Authors: Hamza Fawzi, Omar Fawzi, and Samuel O. Scalet

Published in: LIPIcs, Volume 251, 14th Innovations in Theoretical Computer Science Conference (ITCS 2023)

Abstract
We introduce a classical algorithm to approximate the free energy of local, translation-invariant, one-dimensional quantum systems in the thermodynamic limit of infinite chain size. While the ground state problem (i.e., the free energy at temperature T = 0) for these systems is expected to be computationally hard even for quantum computers, our algorithm runs for any fixed temperature T > 0 in subpolynomial time, i.e., in time O((1/ε)^c) for any constant c > 0 where ε is the additive approximation error.

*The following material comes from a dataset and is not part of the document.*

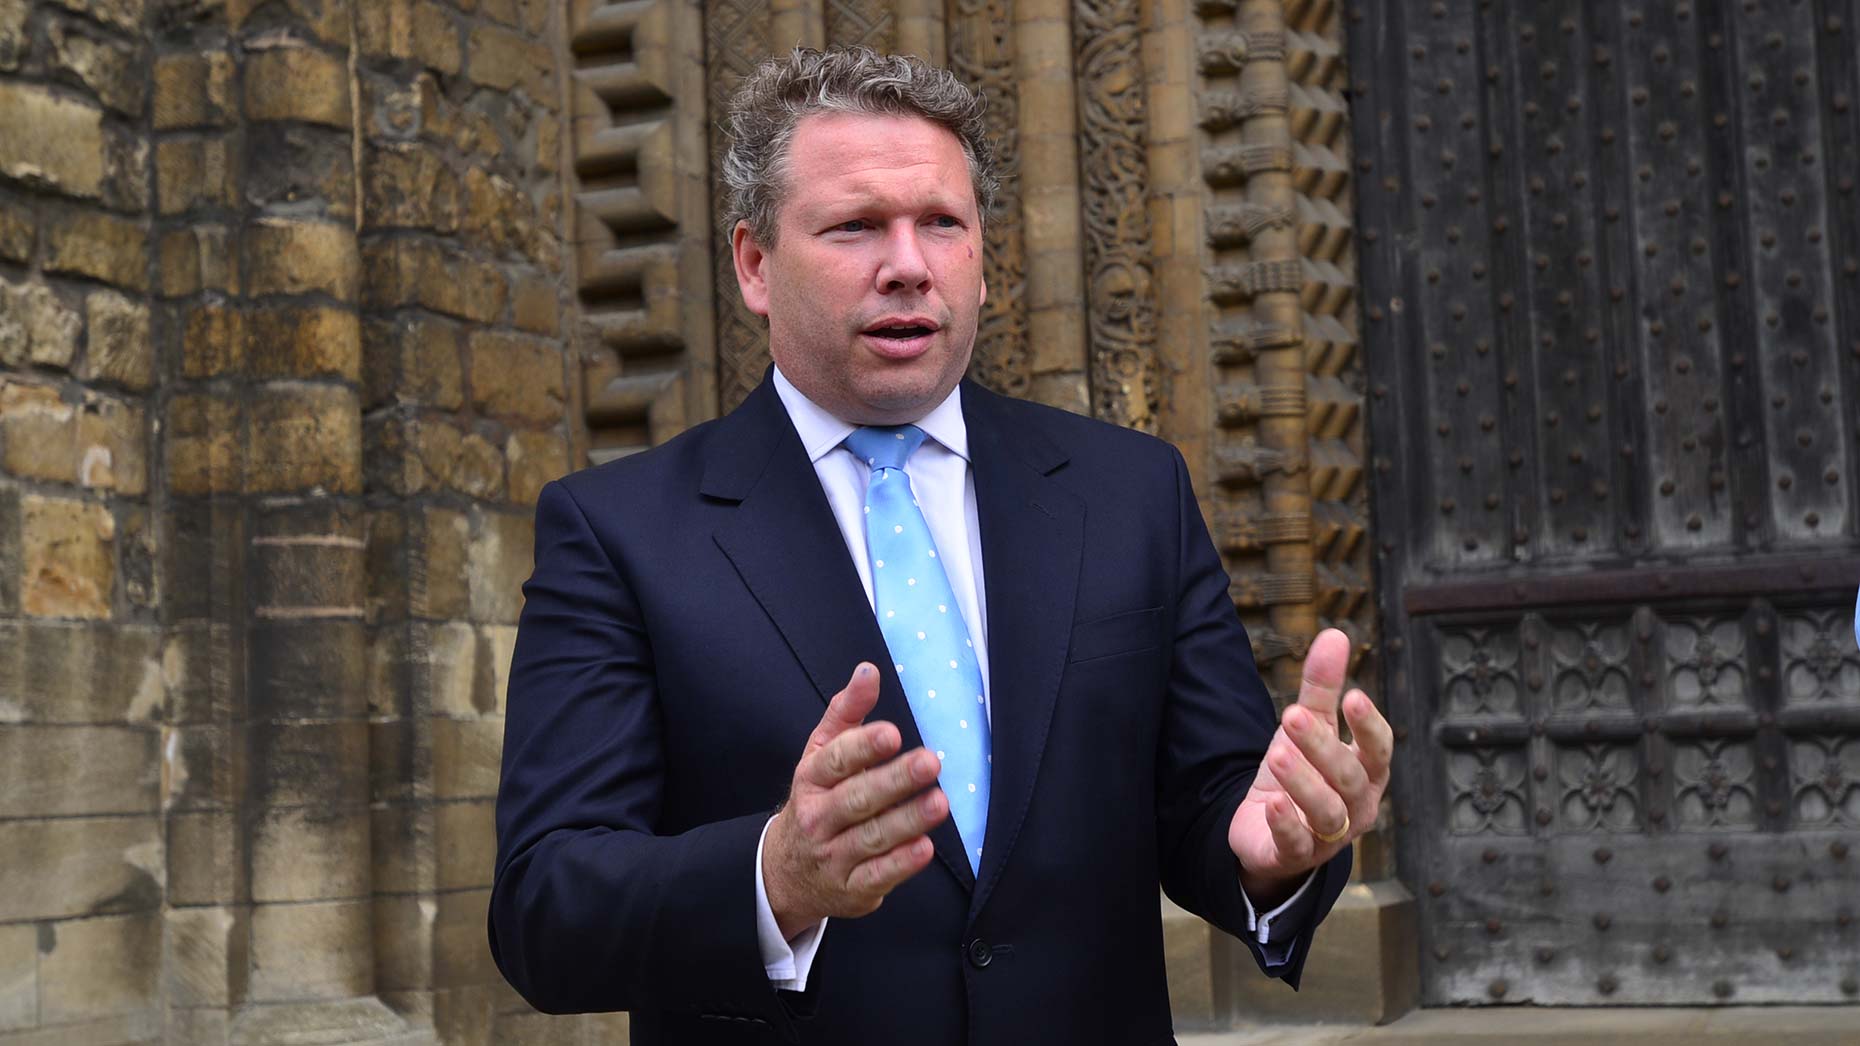 Lincoln MP Karl McCartney at the presentation at Lincoln Cathedral. Photo: Steve Smailes for The Lincolnite

Previously, the best known algorithm had a runtime that is polynomial in 1/ε where the degree of the polynomial is exponential in the inverse temperature 1/T. Our algorithm is also particularly simple as it reduces to the computation of the spectral radius of a linear map. This linear map has an interpretation as a noncommutative transfer matrix and has been studied previously to prove results on the analyticity of the free energy and the decay of correlations. We also show that the corresponding eigenvector of this map gives an approximation of the marginal of the Gibbs state and thereby allows for the computation of various thermodynamic properties of the quantum system.
Cite as

Hamza Fawzi, Omar Fawzi, and Samuel O. Scalet. A Subpolynomial-Time Algorithm for the Free Energy of One-Dimensional Quantum Systems in the Thermodynamic Limit. In 14th Innovations in Theoretical Computer Science Conference (ITCS 2023). Leibniz International Proceedings in Informatics (LIPIcs), Volume 251, pp. 49:1-49:6, Schloss Dagstuhl – Leibniz-Zentrum für Informatik (2023)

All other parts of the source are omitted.